Follow-up paired-samples t-tests revealed that this interaction was driven by a significant difference between predictive and postdictive bias for the MC-only group, t(125) = 5.82, p < 0.001, d = 0.52, such that predictive bias (M = 0.08, SD = 0.57) was higher than postdictive bias (M = −0.17, SD = 0.57). However, for the answer justification group, there was no significant difference between predictive bias (M = −0.07, SD = 0.70) and postdictive bias (M = −0.15, SD = 0.70), t(111) = 1.43, p = 0.164, d = 0.14.
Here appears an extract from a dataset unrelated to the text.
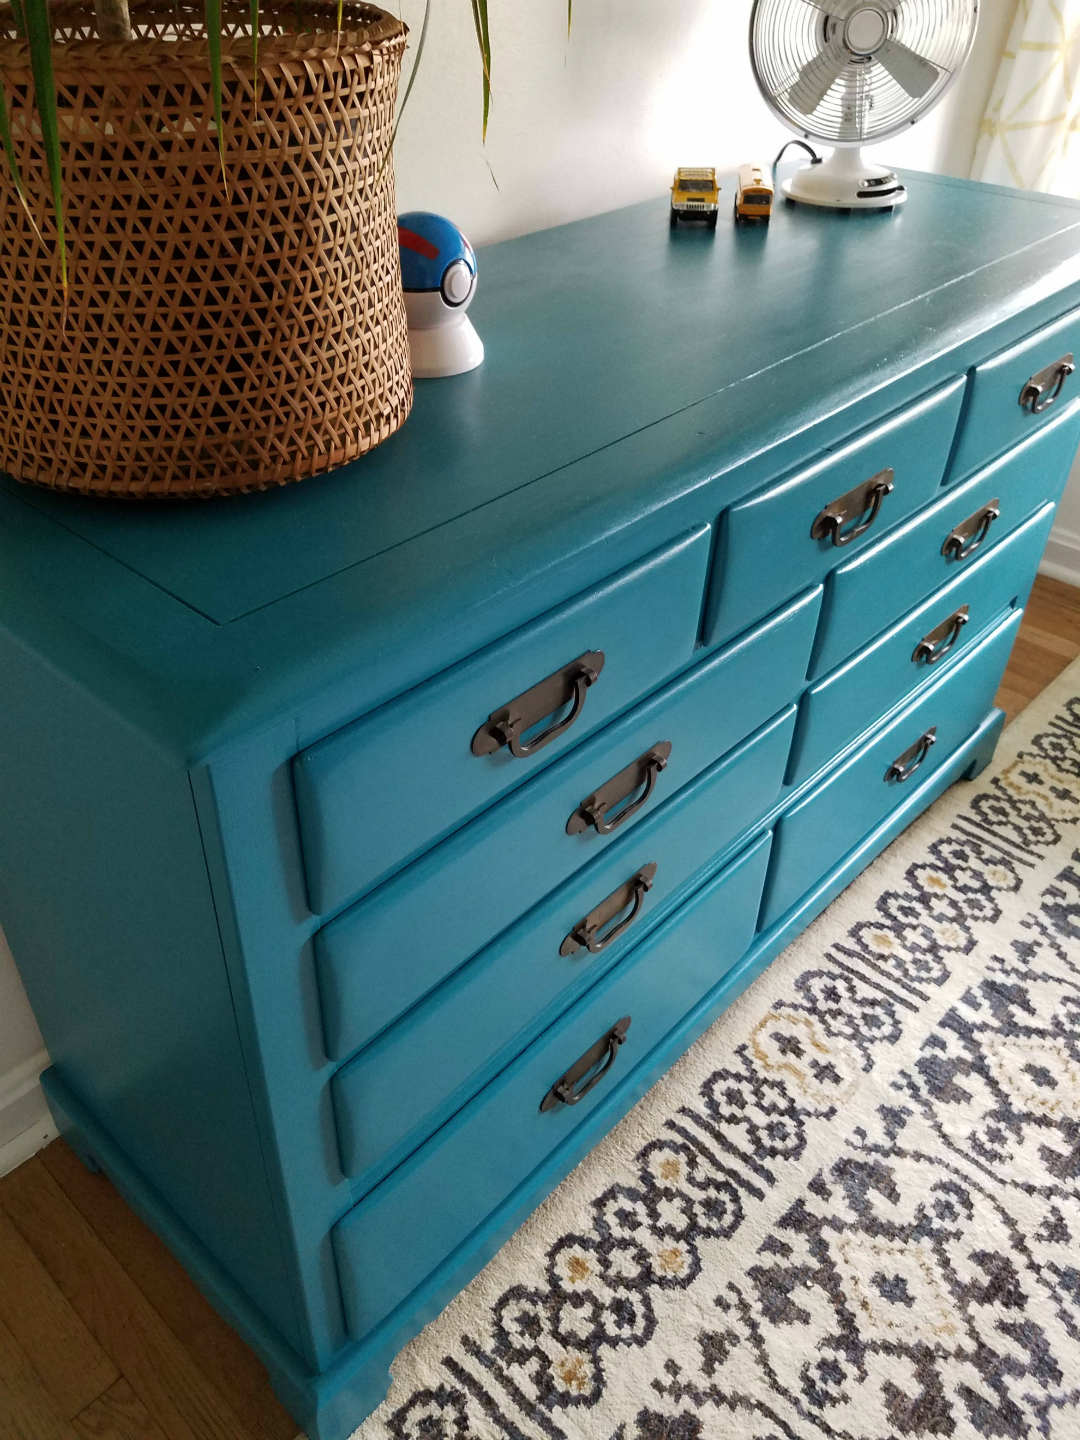 Pin This Ideas! Easy Projects For Big Impact Design - Paint A Bright Teal Dresser TheBohoAbode Project

3.2.4. Familiarity Ratings and Self-Reported Answer Changing

Familiarity ratings did not differ for participants in the answer justification group (M = 2.09, SD = 0.89) or the MC-only group (M = 2.18, SD = 0.90), t(110) = 0.61, p = 0.542, d = 0.12. Similar to Experiment 1, participants in the answer justification group most frequently stated that they changed their answers “sometimes” (see the bottom of Table 2).

3.3. Discussion

The results of Experiment 2 successfully replicate the findings from Experiment 1, demonstrating that participants in the answer justification group outperformed those in the MC group on the immediate test. Additionally, the results reaffirmed that the predictive and postdictive bias scores varied depending on the testing group. Performance on the standard MC test administered 48 h later showed a numerical advantage for the answer justification group over MC-only, but analyses did not reach significance.

4. General Discussion

Across two experiments, we demonstrated that answer justification is an effective technique for enhancing test performance compared to standard MC questions. In our first experiment, participants who provided justifications were more likely to select the correct response than those who simply answered the questions alone (Figure 3). Our second experiment replicated this finding and explored how answer justification influenced learning after a delay (Figure 4). In the delayed test (48 h later), we found the same numerical effect in the same direction as the immediate test, where participants in the answer justification group scored higher than those who did not have the option to justify their answers, but these results were nonsignificant. Overall, our three comparisons of answer justification to MC-only tests on MC test performance yielded small to medium effect sizes (Experiment 1: d = 0.54; Experiment 2, immediate yest: d = 0.31, delayed test: d = 0.34). These results suggest that answer justification may involve elaborative retrieval, but further exploration is needed.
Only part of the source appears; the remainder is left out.